本発明は、弾性表面波素子の用途を例示したものである。
【0020】
(5)請求項5の発明は、前記弾性表面波素子の圧電基板として、液体に対してエネルギを放射しない弾性表面波を励起する圧電基板を用いることを特徴とする。
本発明では、例えば圧電基板の材料やカット角を選択することにより(例えば36°YX−LiTaO3を採用することにより)、液体に対してエネルギを放射しない弾性表面波(例えば主としてSH波やラブ波等の横波)を励起する構成とすることができる。
【0021】
これにより、液体の物性値(例えば粘度、密度等)などの液体の状態の検出が可能となる。

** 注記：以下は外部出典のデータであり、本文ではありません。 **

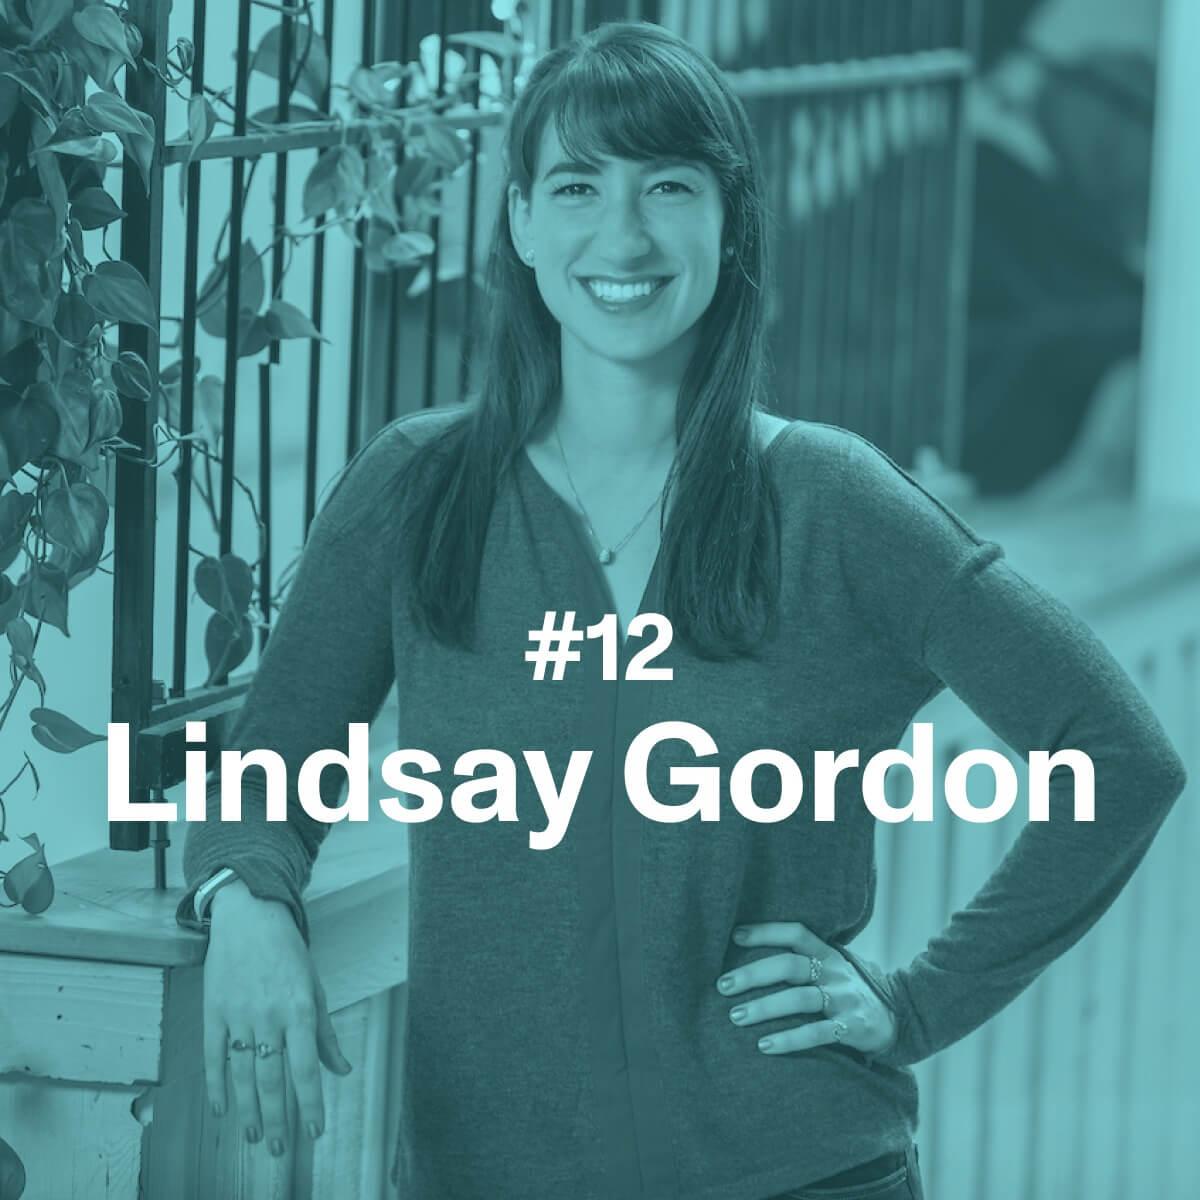 Career Alignment with Lindsay Gordon

(6)請求項6の発明は、前記弾性表面波素子は、液体の物性値を検出可能であることを特徴とする。
【0022】
本発明は、弾性表面波素子の用途を例示したものである。
(7)請求項7の発明は、前記他方の素子部に接続された信号線と、前記第1遅延部を介して接続された前記一方の素子部の信号線とを、互いの信号が混信しないように分配したことを特徴とする。
【0023】
本発明では、互いの信号線に流れる信号を時間的に遅延させることにより分離したので、信号の干渉なく測定が可能となる。
(8)請求項8の発明は、 前記第1遅延部が、音波を利用した遅延線であることを特徴とする。
【0024】
本発明は、第1遅延部の特徴を例示したものである。
(9)請求項9の発明は、前記第1遅延部が複数ある場合は、少なくとも1つを前記圧電基板上に設けたことを特徴とする。
【0025】
これにより、弾性表面波素子の構成をコンパクトにすることができる。
(10)請求項10の発明は、更に、単独で温度検知が可能な温度検知用の素子部を備えたことを特徴とする。
【0026】
本発明は、温度検知用の素子部を備えているので、例えば圧力等を検知できるとともに、精度良く温度を検知することができる。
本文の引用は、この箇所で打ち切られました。